Two debut novelists, Roshan Ali and Madhuri Vijay, are in the running for India's richest literary award, the 2019 JCB Prize for Literature, alongside three other writers.

Established only last year, the JCB Prize for Literature celebrates "distinguished writing by Indian authors" working in English or translated fiction. The prize money is 25 lakh – close to £28,000. If the winning work is a translation, the translator will receive an additional 10 lakh (approximately £11,000).

Among the themes explored on this year's "diverse" shortlist are patriarchy in rural southern India, religious and political conflict in Kashmir, and social and sexual marginalization in eastern India. In the words of the panel of judges, headed up by filmmaker and environmentalist Pradip Krishen, the shortlisted books taken together "remind us that fiction remains the most powerful way for a society to examine its fundamental concerns".

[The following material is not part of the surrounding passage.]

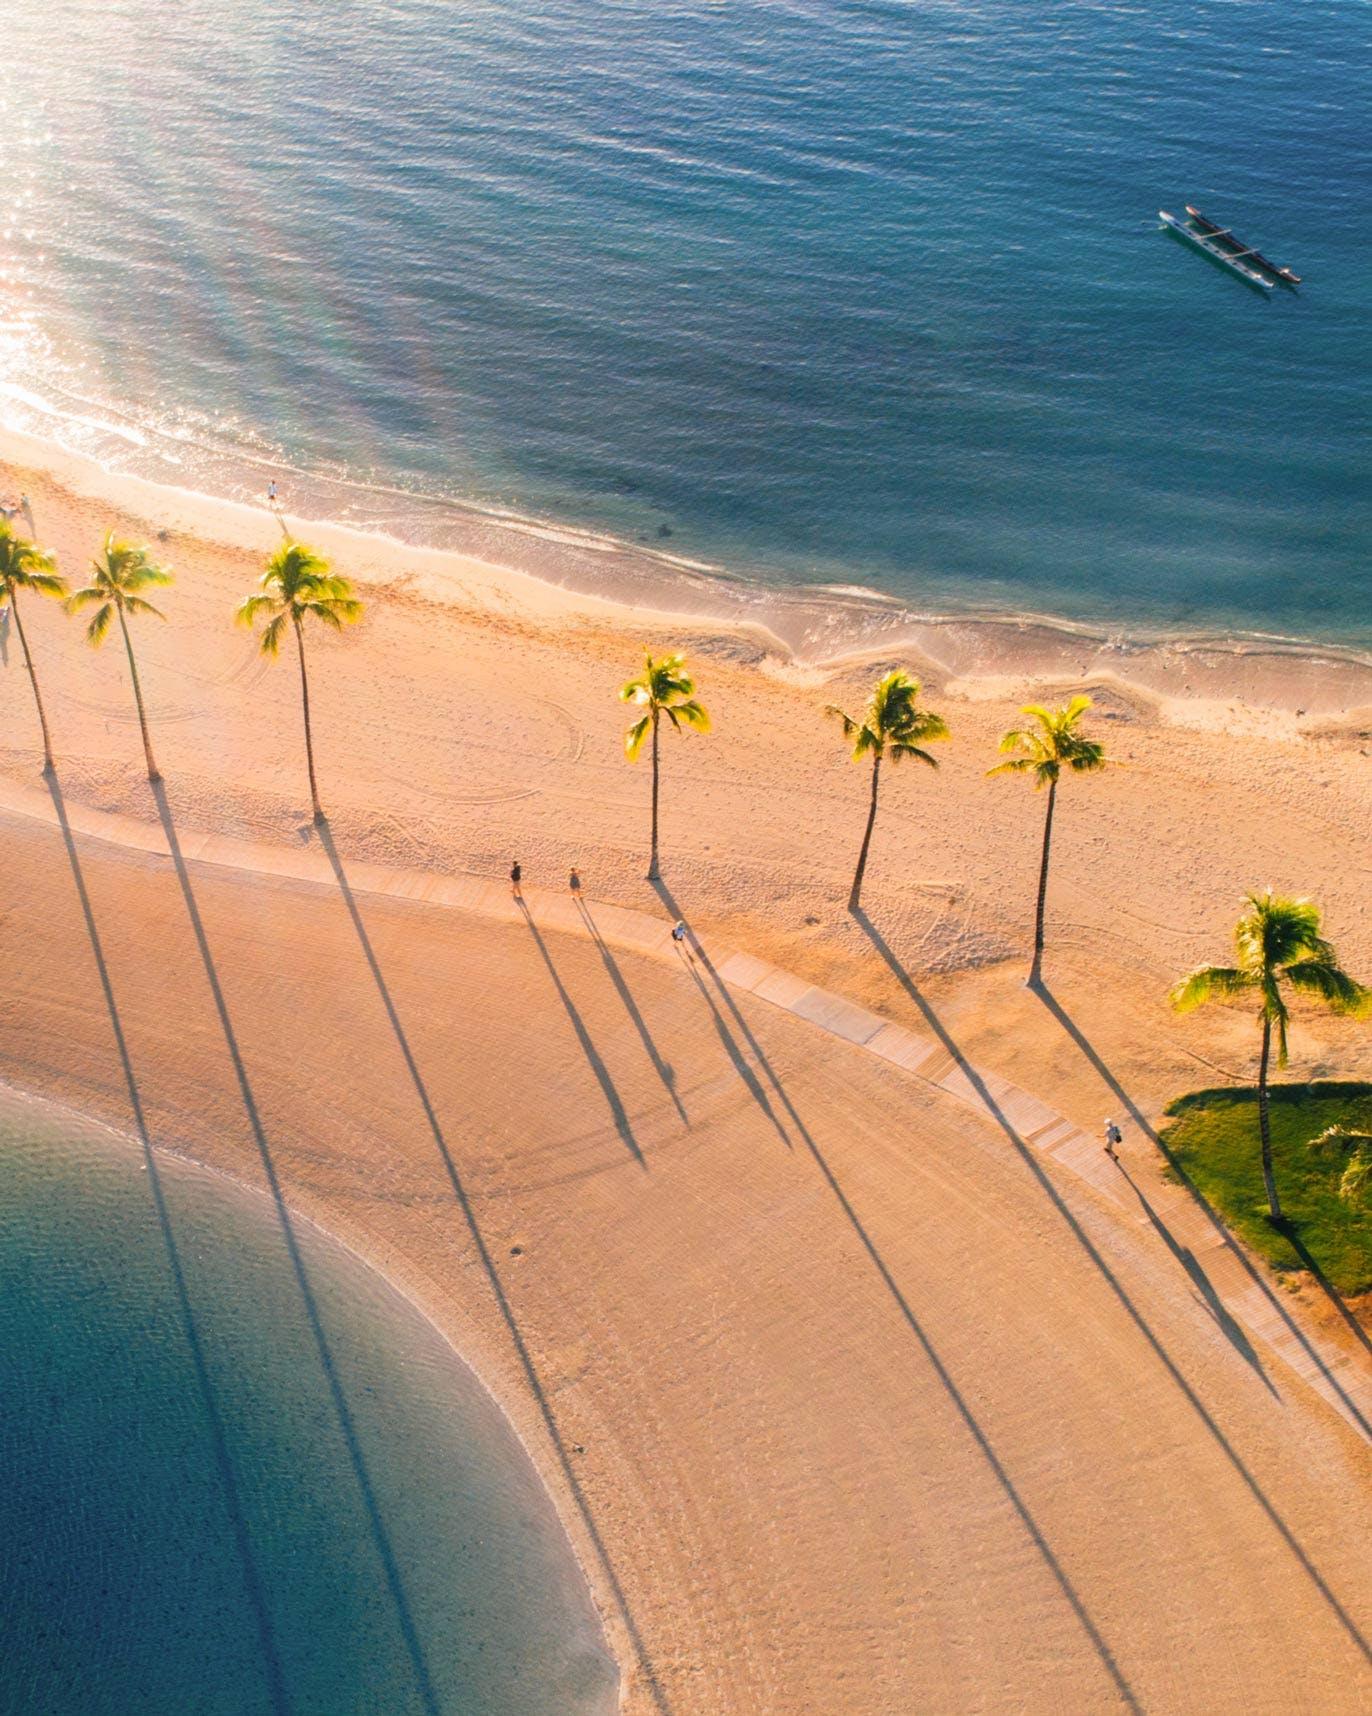 Hilton Lagoon, Duke Kahanamoku Lagoon Boardwalk & Kahanamoku Beach Angled Look Down
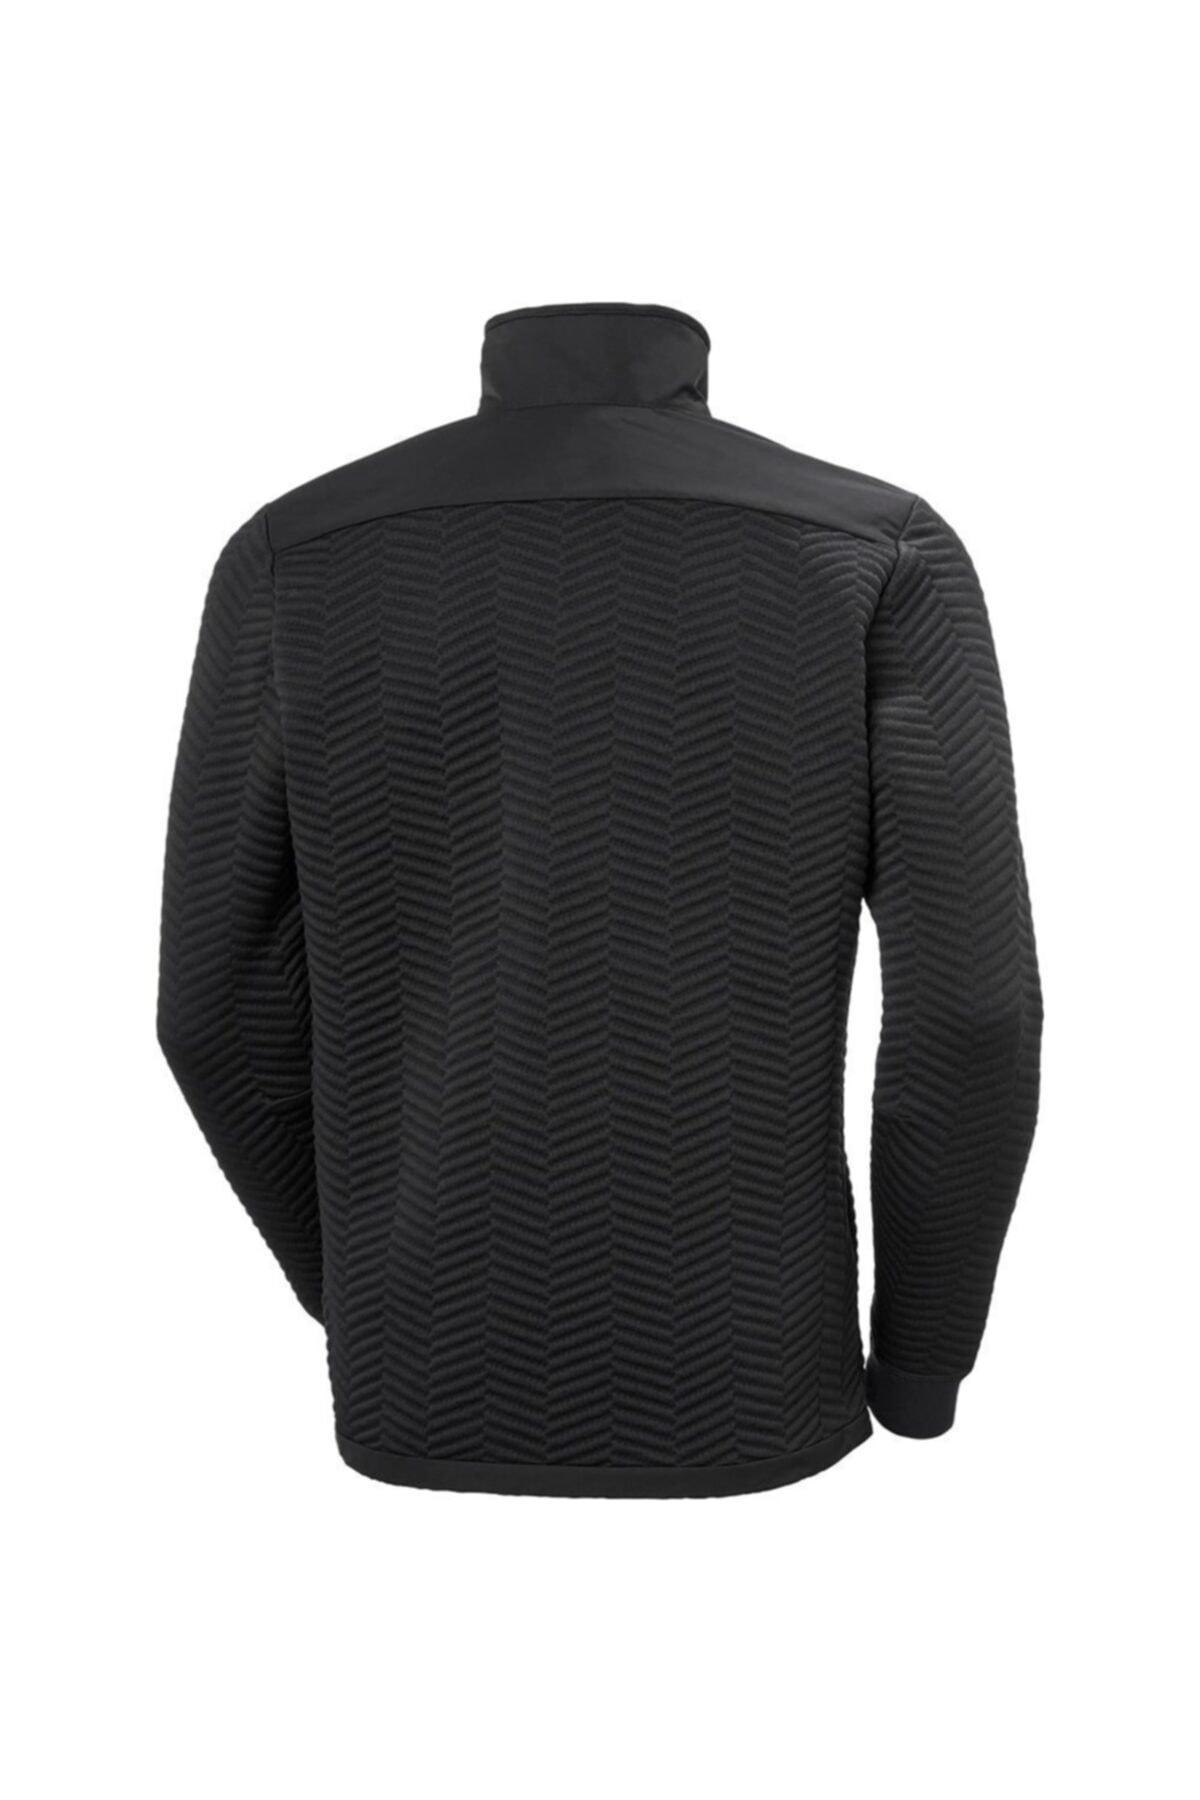 Helly Hansen Lillo Erkek Sweater 2

Debut novelist Ali, 32, competes with Ib’s Endless Search for Satisfaction (Penguin Random House India), a story about a disaffected college drop-out who follows a wise man to the Himalayas, and spends an inordinate amount of time in his favourite pub. The jury praised its dark humour and "wise-cracking angst"; "its laid-back style comes back and smacks you in the jaw as you realise you are in the midst of a fascinating experiment with language. An anxious, brilliant read,” they said.

Vijay is meanwhile shortlisted for her first book, The Far Field (HarperCollins India, 2019). The book's "flawed, fallible but always plausible" narrator and protagonist – a restless young woman from Bengaluru, bound for Kashmir after the death of her mother – was a hit with the judges. "Without referring to overt politics, this personal story captures all the moral complexities - and the attendant hubris - of outsider intervention in Kashmir," they said.

Another novelist on the shortlist, from Penguin Random House India's stables, was shortlisted for not one but two books. Perumal Murugan is recognised for The Lonely Harvest and for Trial by Silence, both translated by Aniruddhan Vasudevan, both released in the same year as sequels to a previous novel.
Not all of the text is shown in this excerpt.